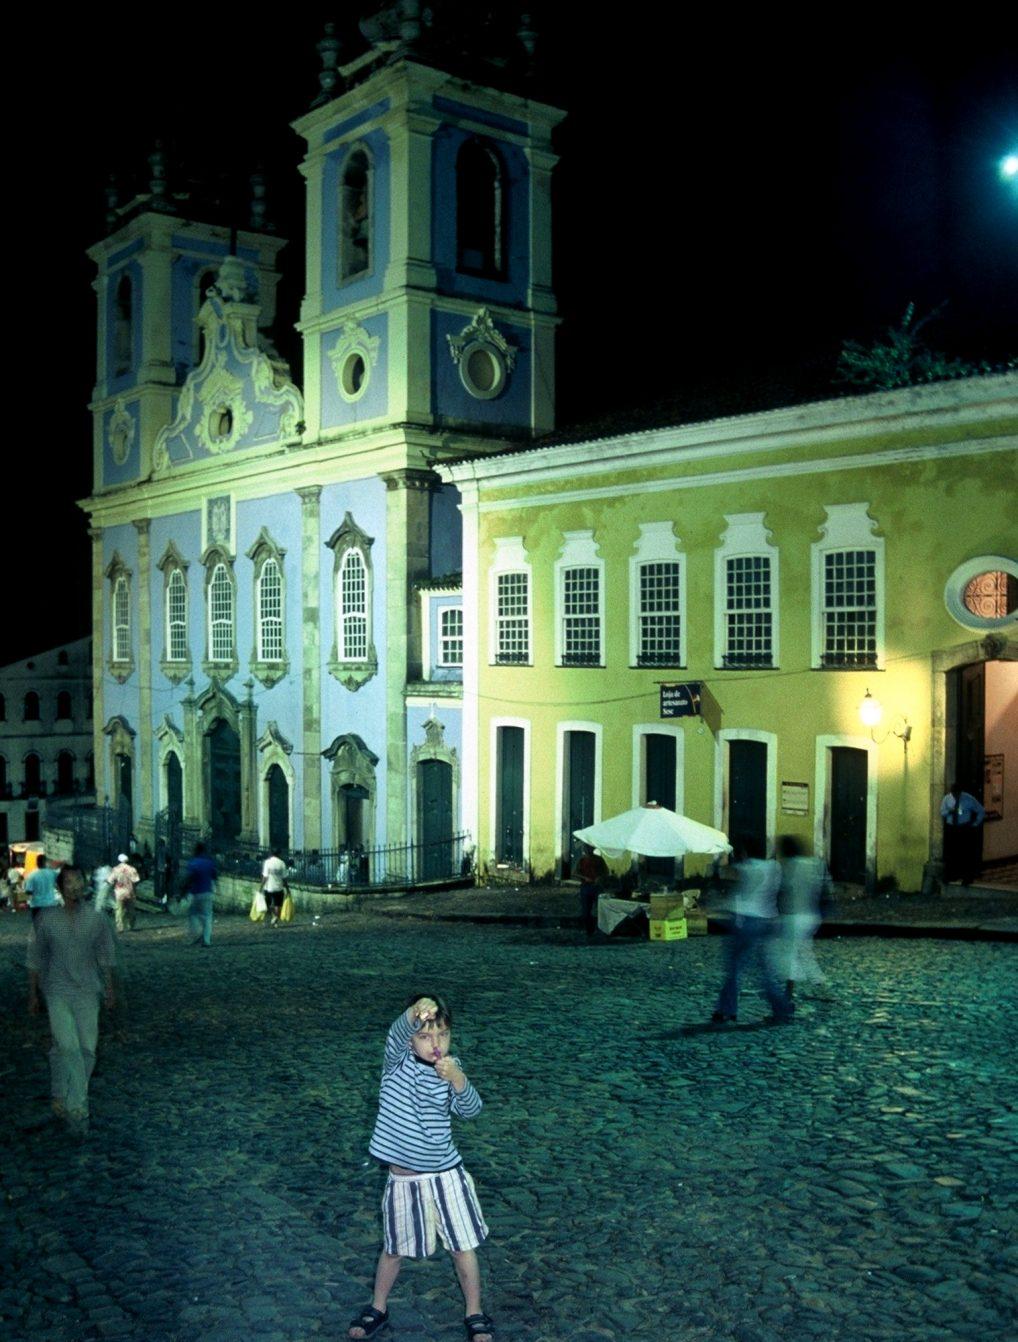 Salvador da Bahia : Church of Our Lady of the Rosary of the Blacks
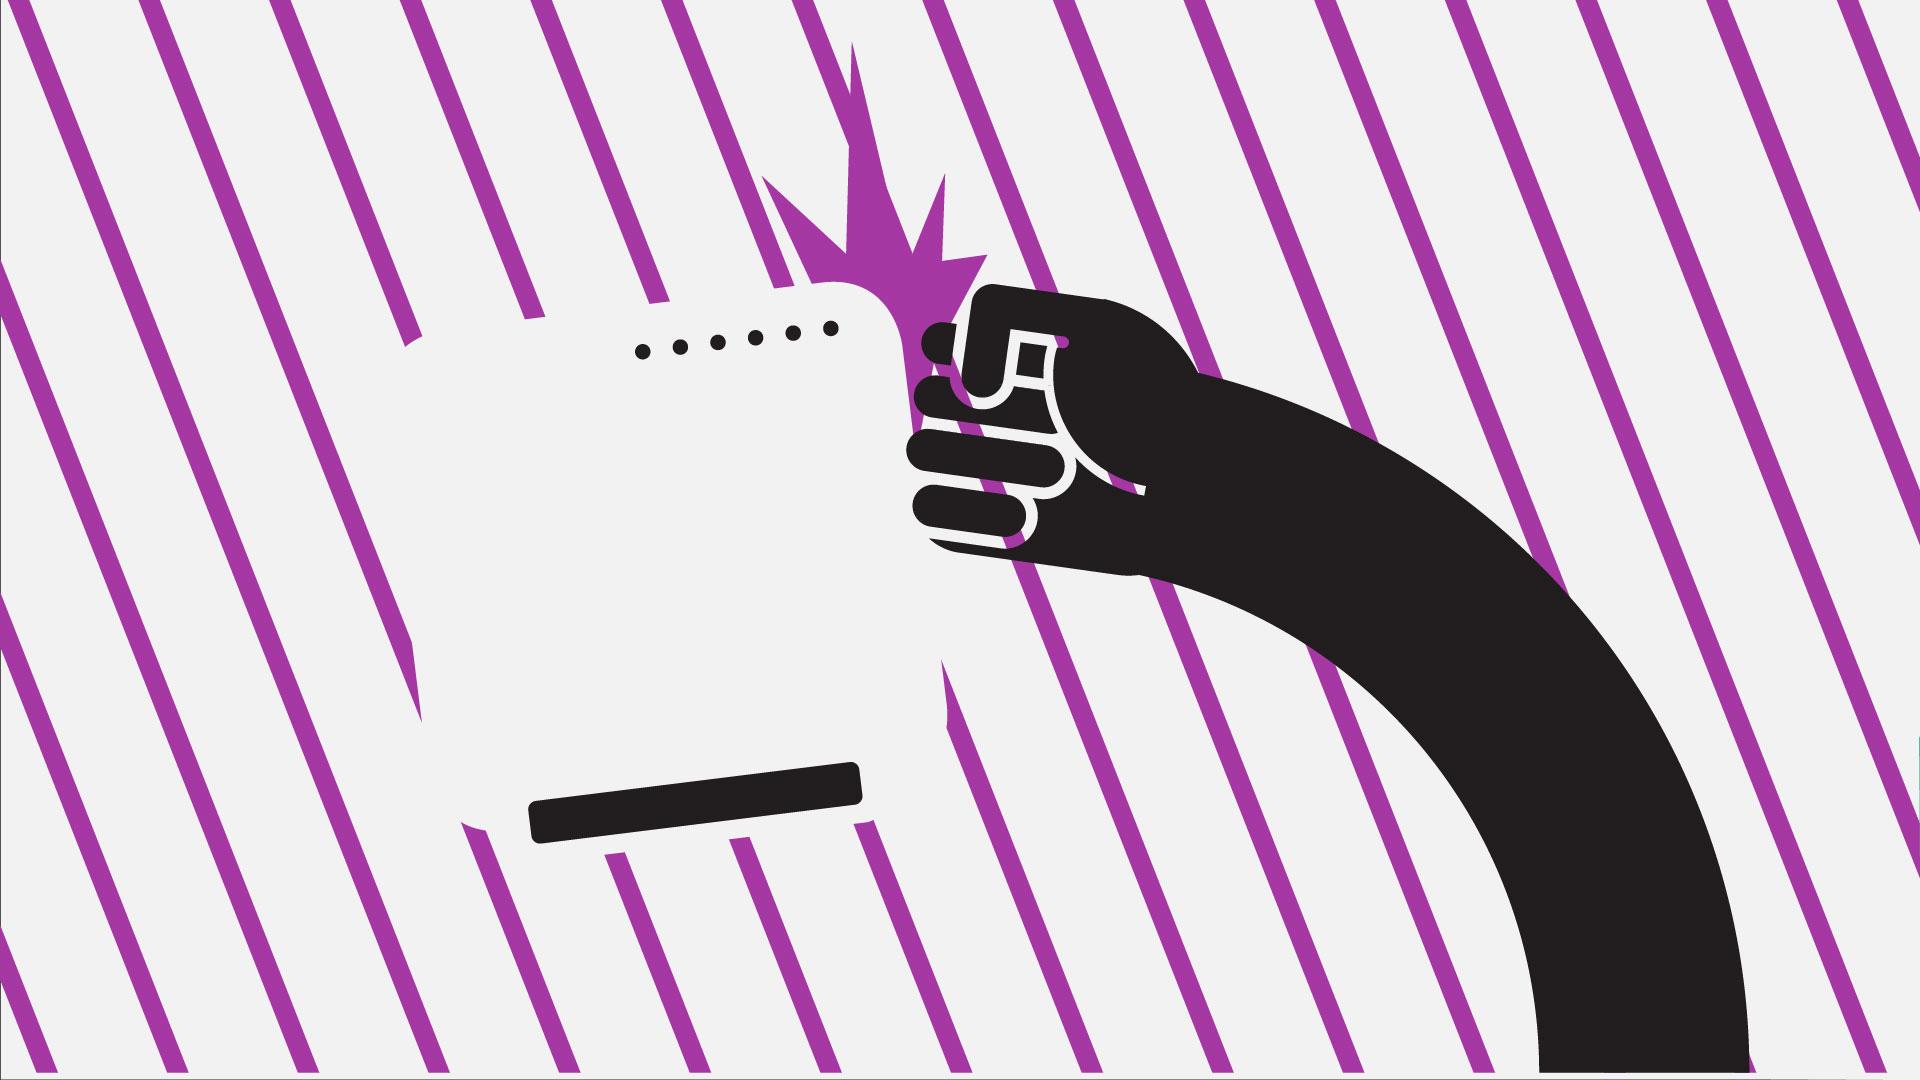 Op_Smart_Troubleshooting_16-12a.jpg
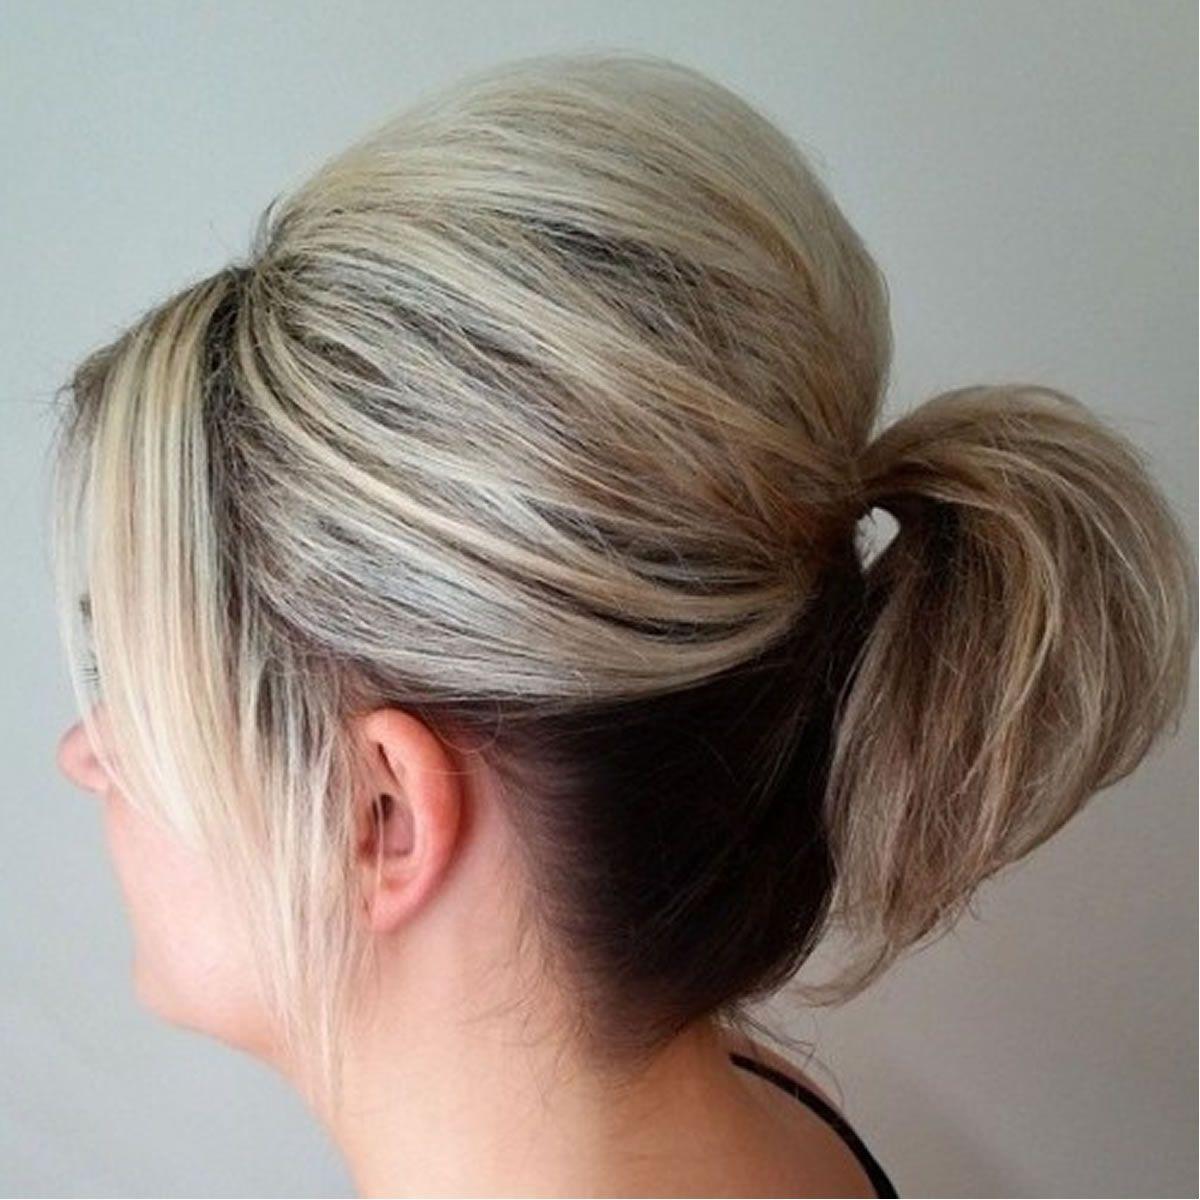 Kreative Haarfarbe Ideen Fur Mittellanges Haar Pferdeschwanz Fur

◆ ◆ ◆ ◆ ◆ ◆ ◆

Omit every picture while printing the data word for word.

 Salvador da Bahia : Church of Our Lady of the Rosary of the Blacks
 Op_Smart_Troubleshooting_16-12a.jpg
 Kreative Haarfarbe Ideen Fur Mittellanges Haar Pferdeschwanz Fur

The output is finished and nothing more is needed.